_What you need to do_
Retype word for word the stretch of entries below from the line that has "ANON M4S Toric" through the line that has "Set bestehend aus", and omit the pictures.

[Data Boundary: Start]

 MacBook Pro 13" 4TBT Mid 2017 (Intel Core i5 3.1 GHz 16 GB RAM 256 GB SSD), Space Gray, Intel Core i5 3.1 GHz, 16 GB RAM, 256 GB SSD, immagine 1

[Data Boundary: End]
[Data Boundary: Start]

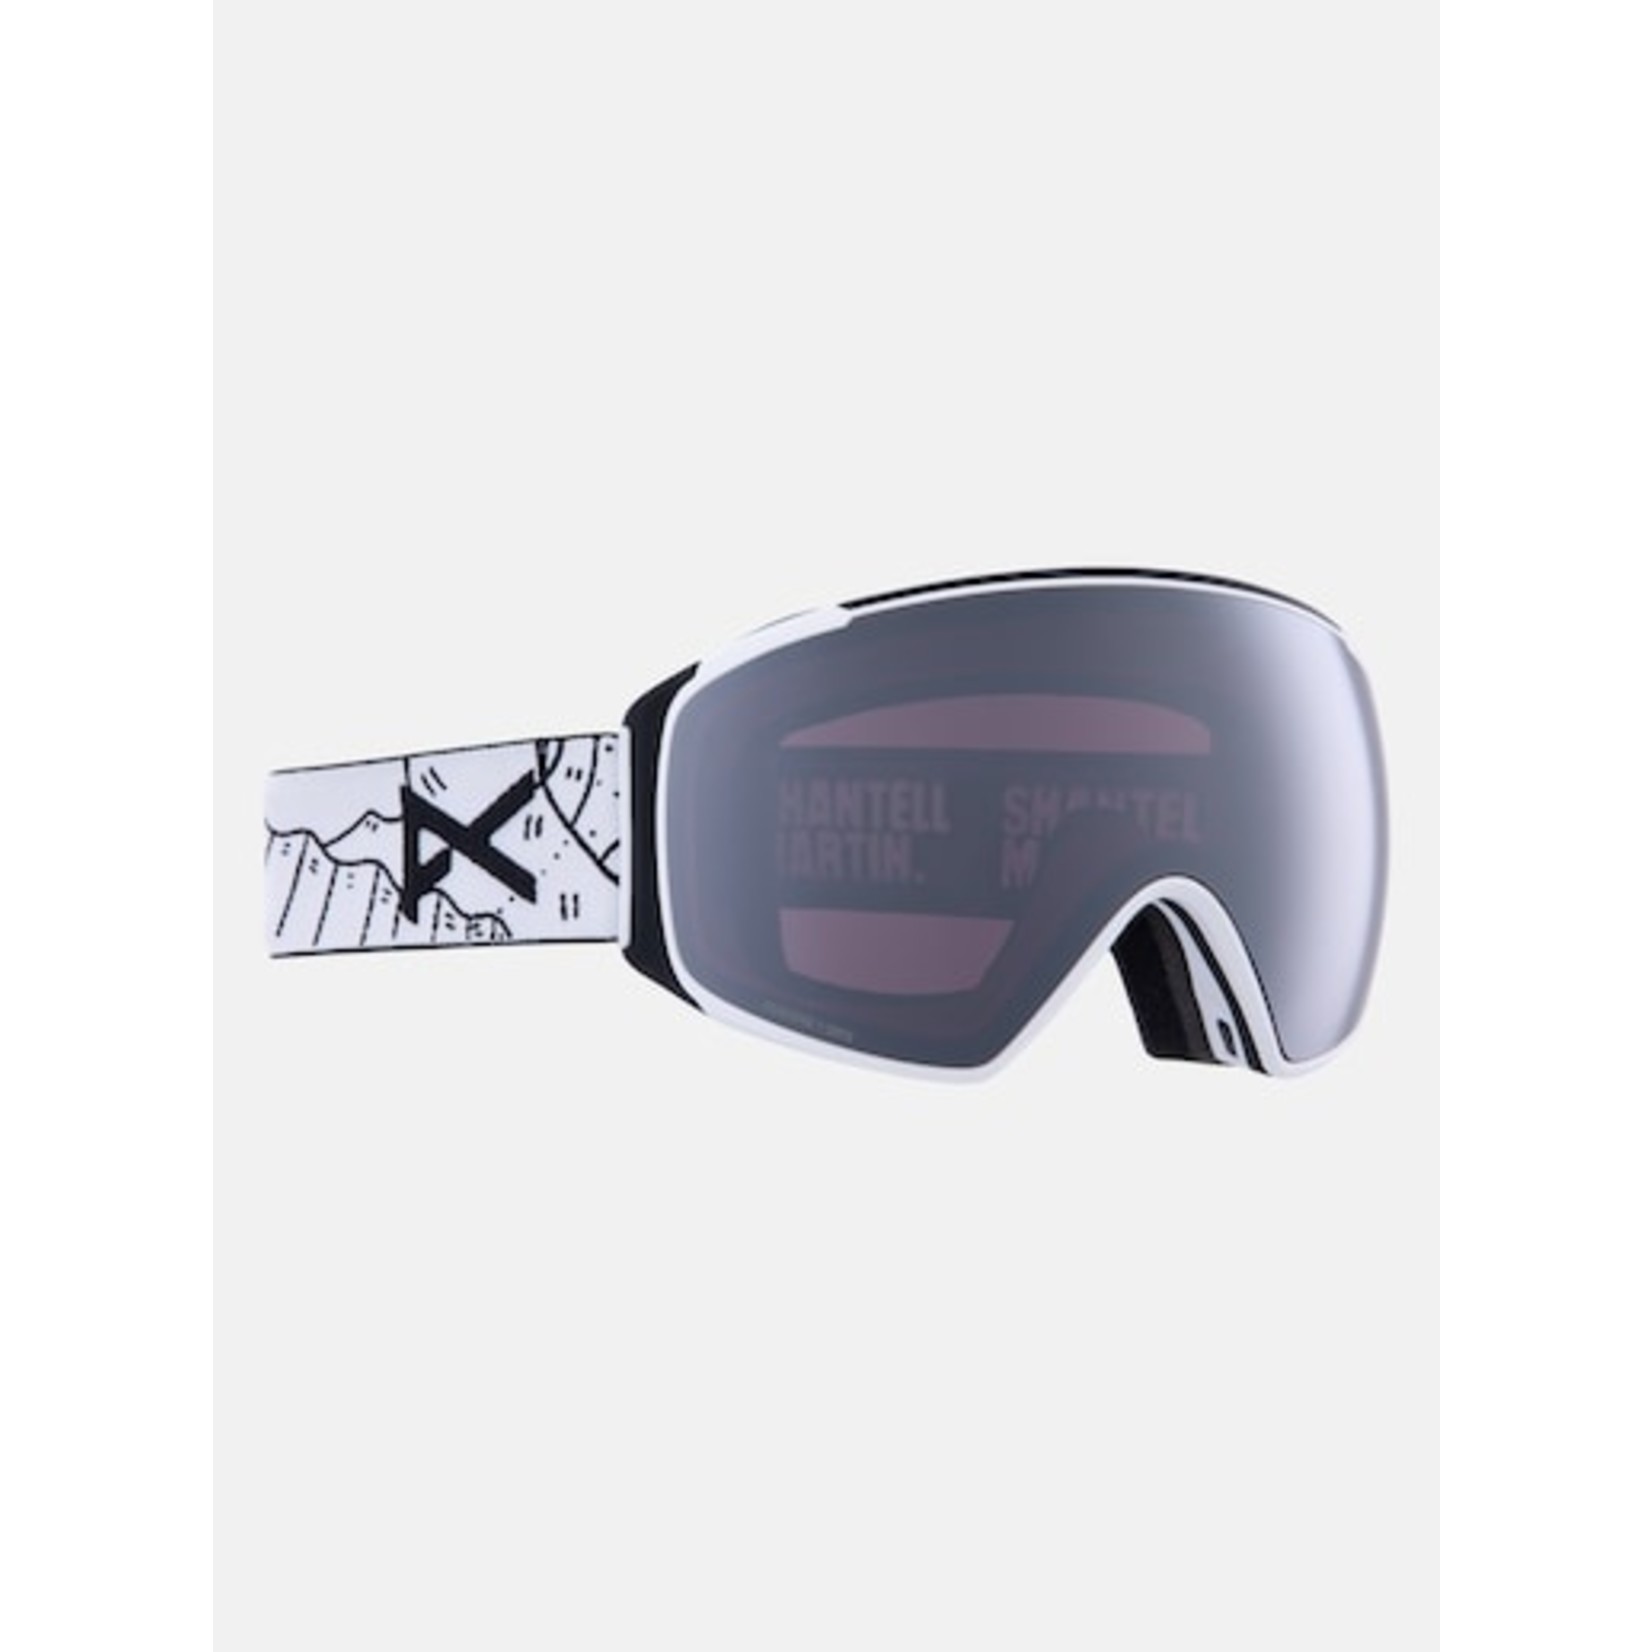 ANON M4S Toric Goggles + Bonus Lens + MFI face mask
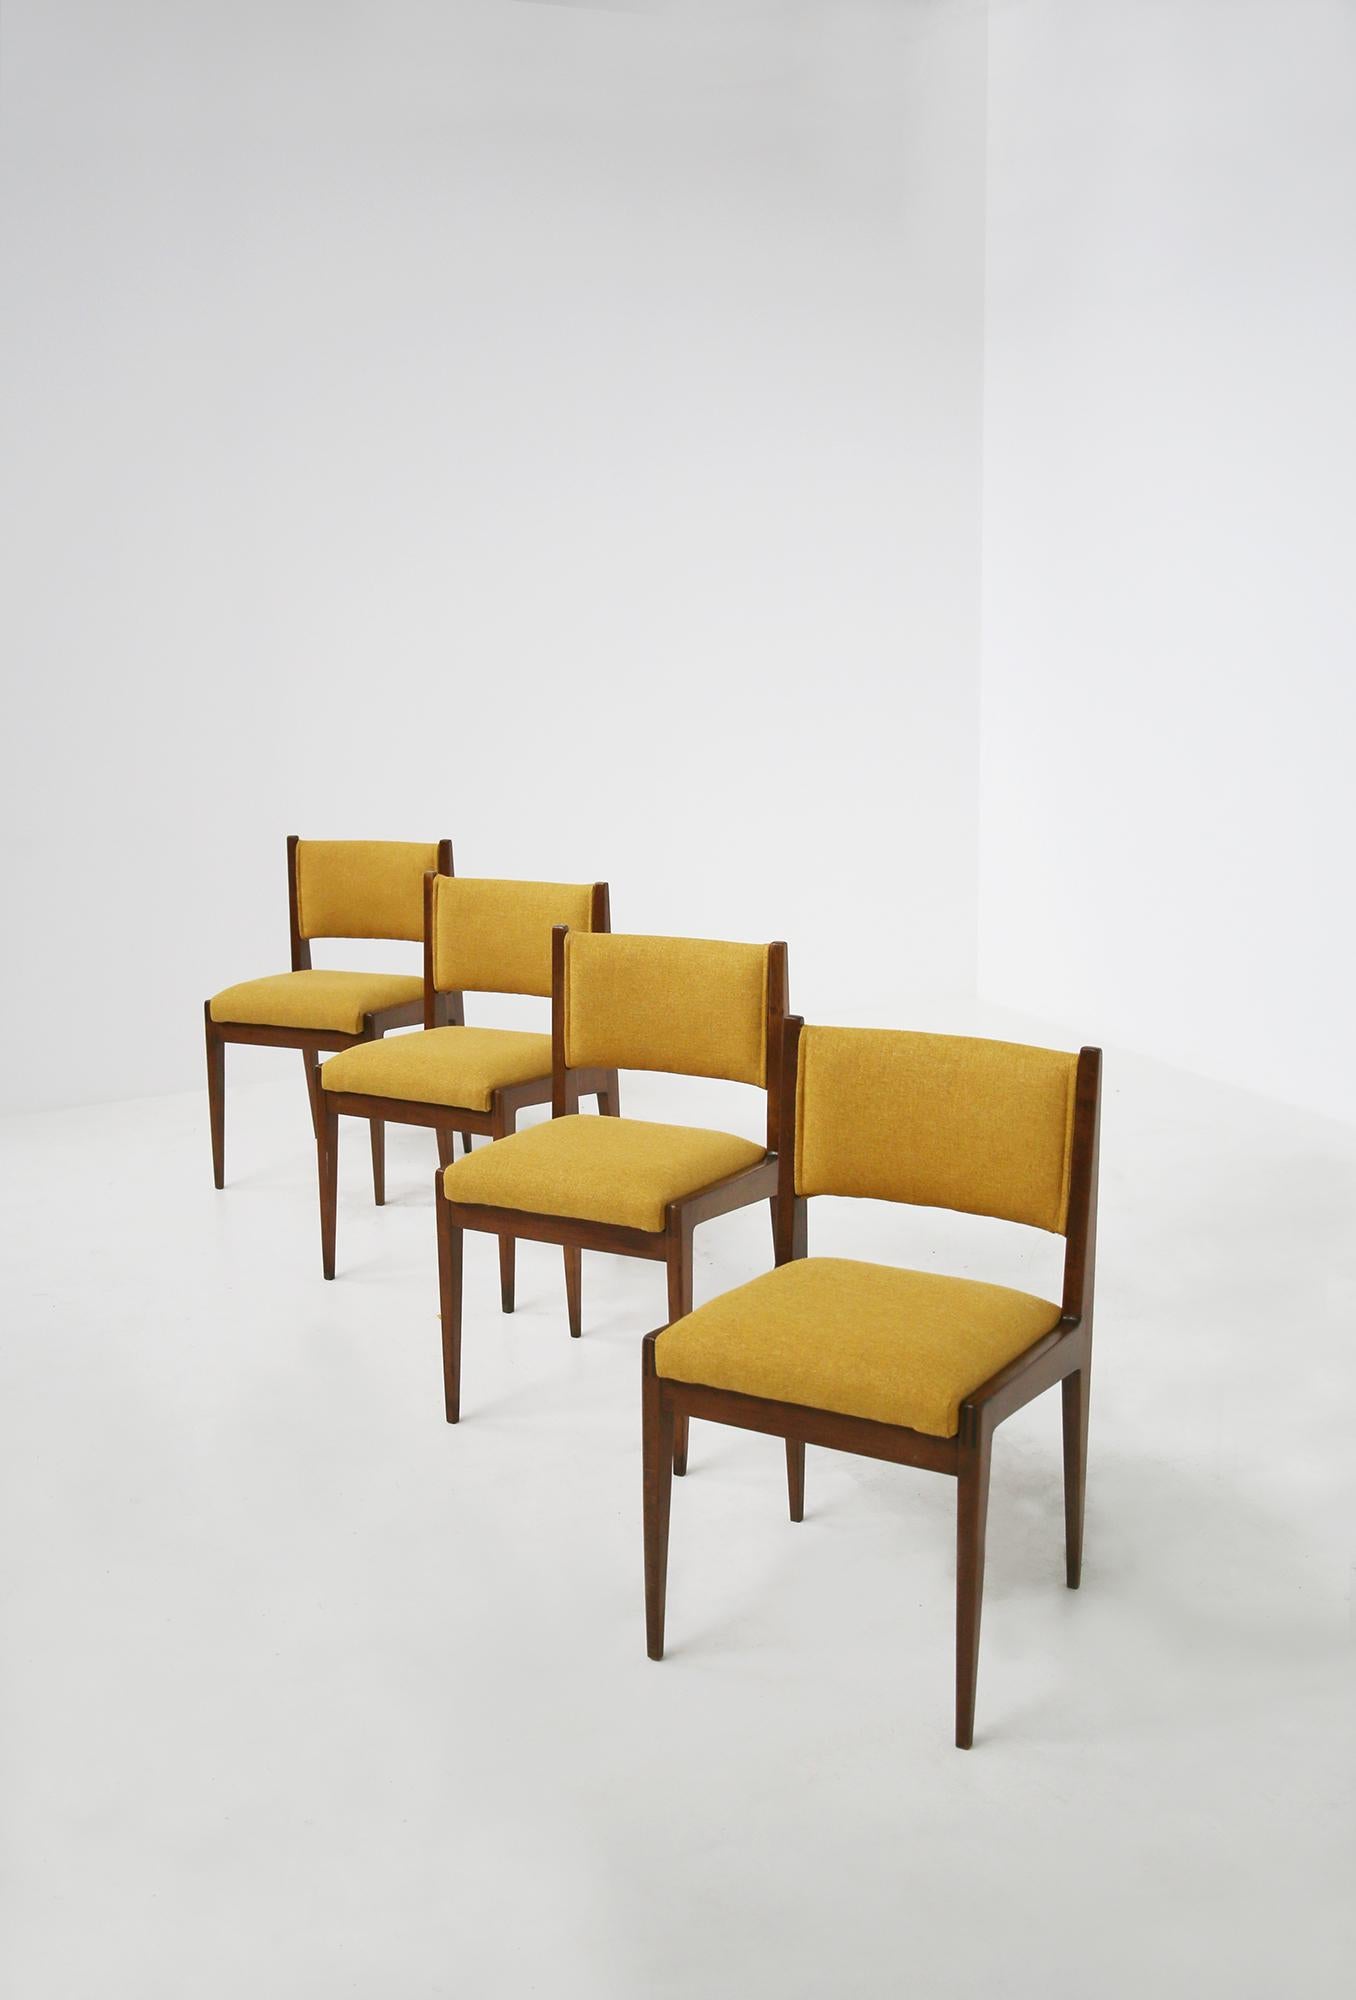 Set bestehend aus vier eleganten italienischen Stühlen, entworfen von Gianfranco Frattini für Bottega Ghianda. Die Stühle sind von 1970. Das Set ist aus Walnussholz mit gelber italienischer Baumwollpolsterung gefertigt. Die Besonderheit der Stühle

[Data Boundary: End]

_Task result_
 ANON M4S Toric Goggles + Bonus Lens + MFI face mask
 Set bestehend aus vier eleganten italienischen Stühlen, entworfen von Gianfranco Frattini für Bottega Ghianda. Die Stühle sind von 1970. Das Set ist aus Walnussholz mit gelber italienischer Baumwollpolsterung gefertigt. Die Besonderheit der Stühle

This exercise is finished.